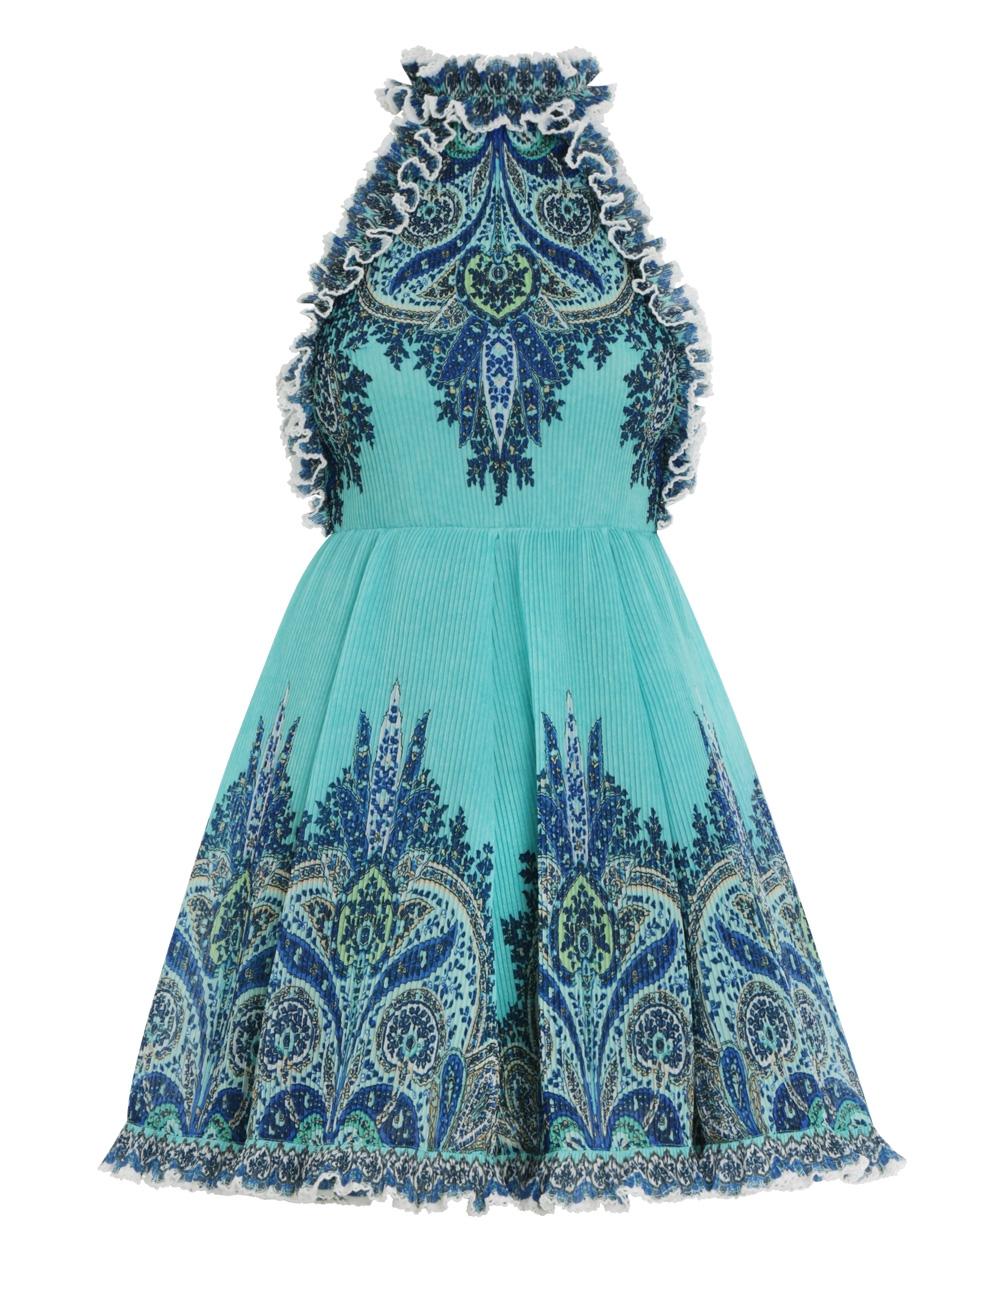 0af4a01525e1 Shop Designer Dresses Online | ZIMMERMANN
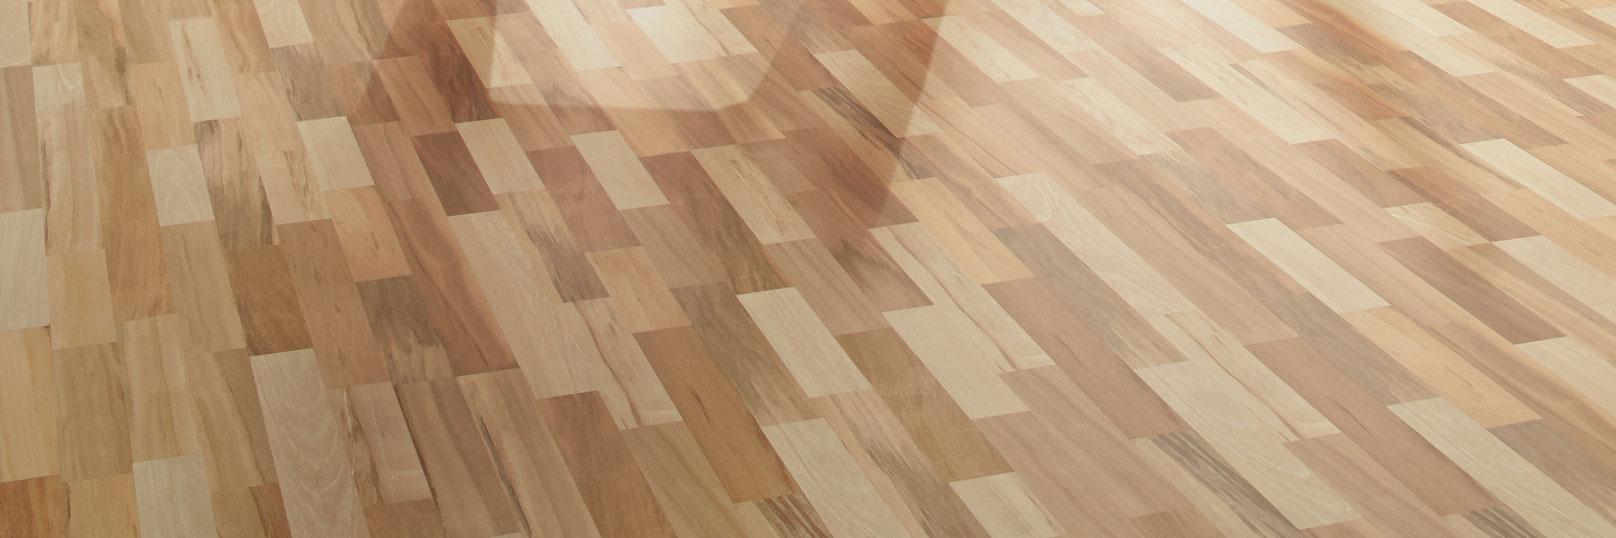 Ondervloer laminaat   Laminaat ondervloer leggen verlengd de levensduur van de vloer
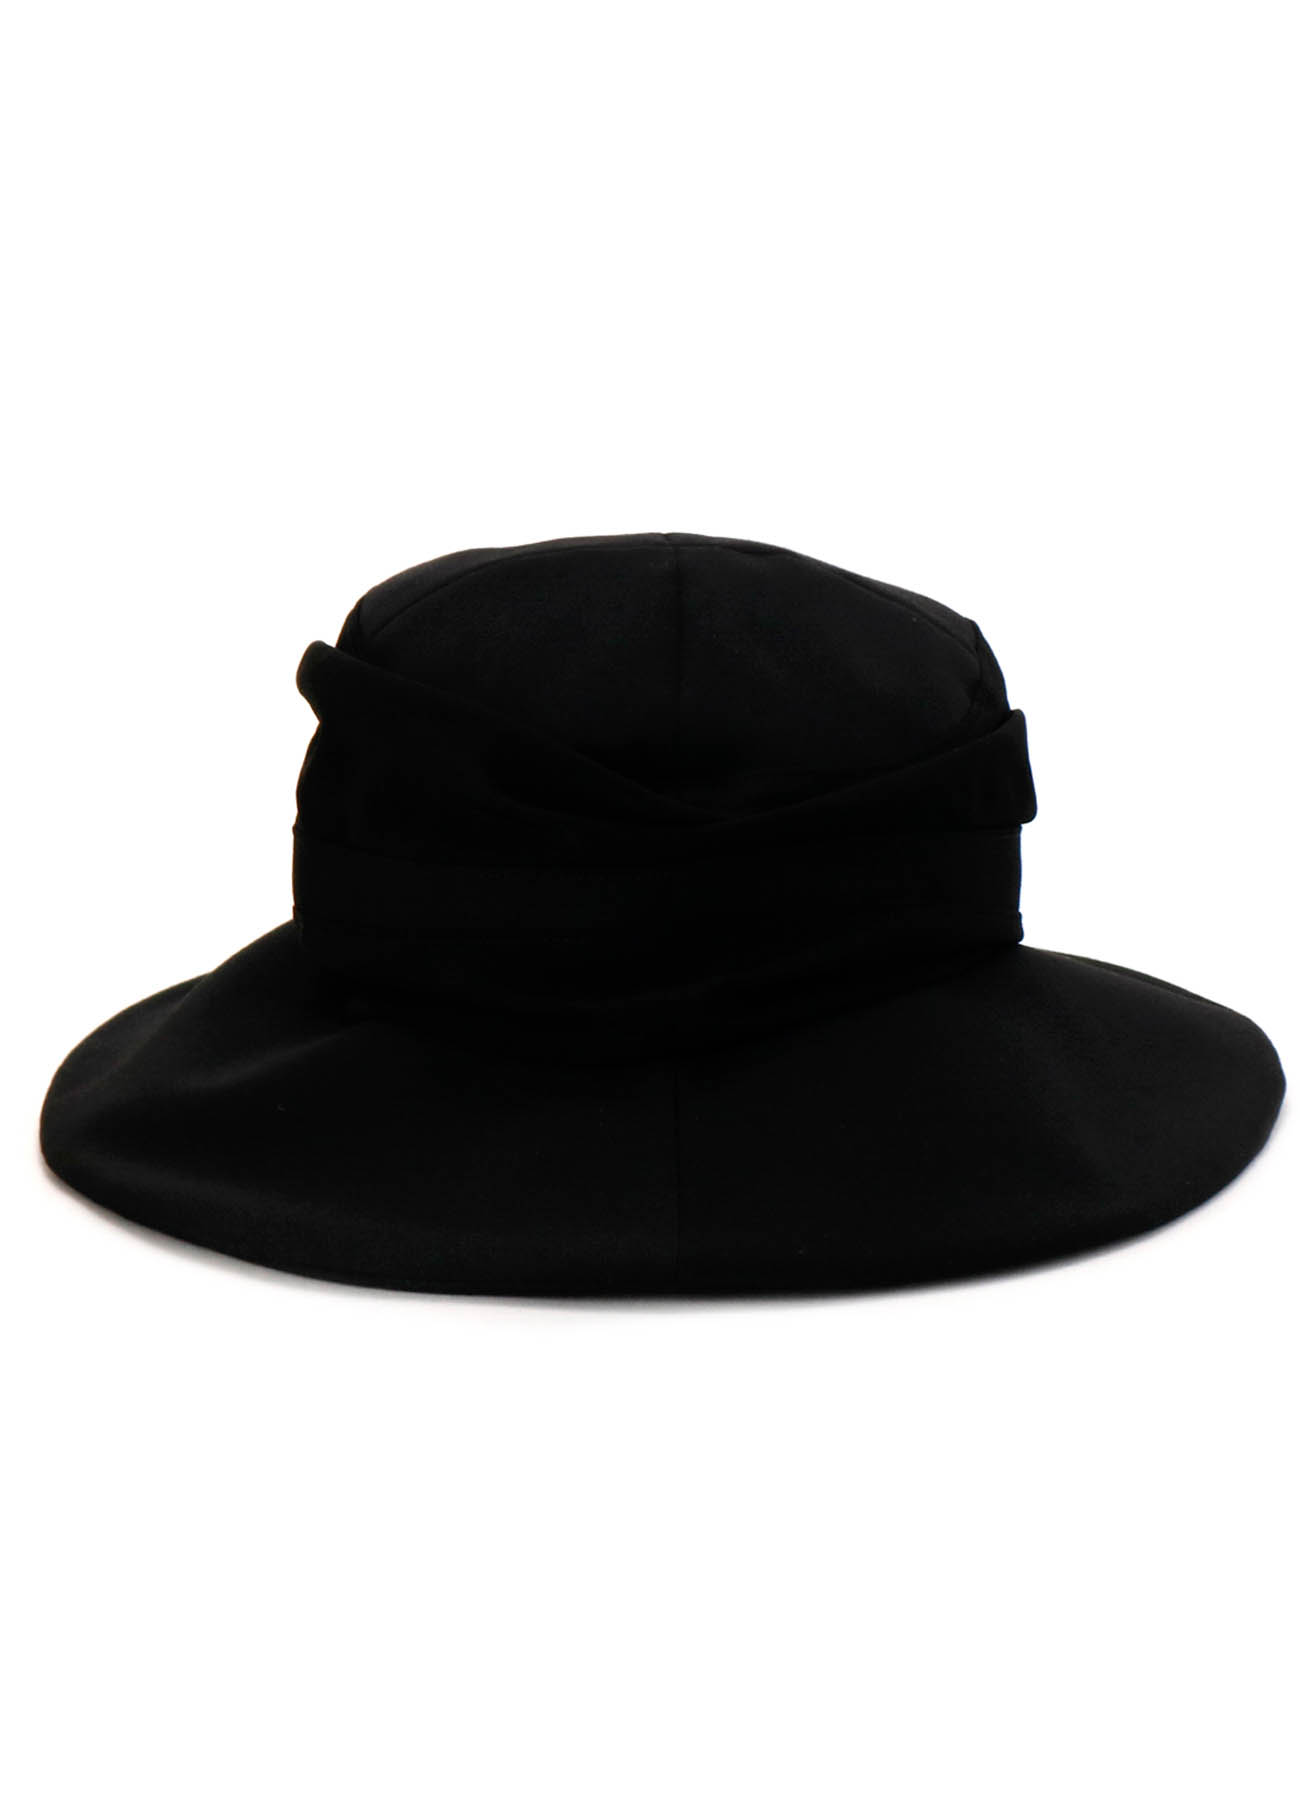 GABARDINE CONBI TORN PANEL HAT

****

- **Assigned task**: The material should be returned verbatim, with all images omitted.

- **Answer to the problem**:
 0af4a01525e1 Shop Designer Dresses Online | ZIMMERMANN
 Ondervloer laminaat   Laminaat ondervloer leggen verlengd de levensduur van de vloer
 GABARDINE CONBI TORN PANEL HAT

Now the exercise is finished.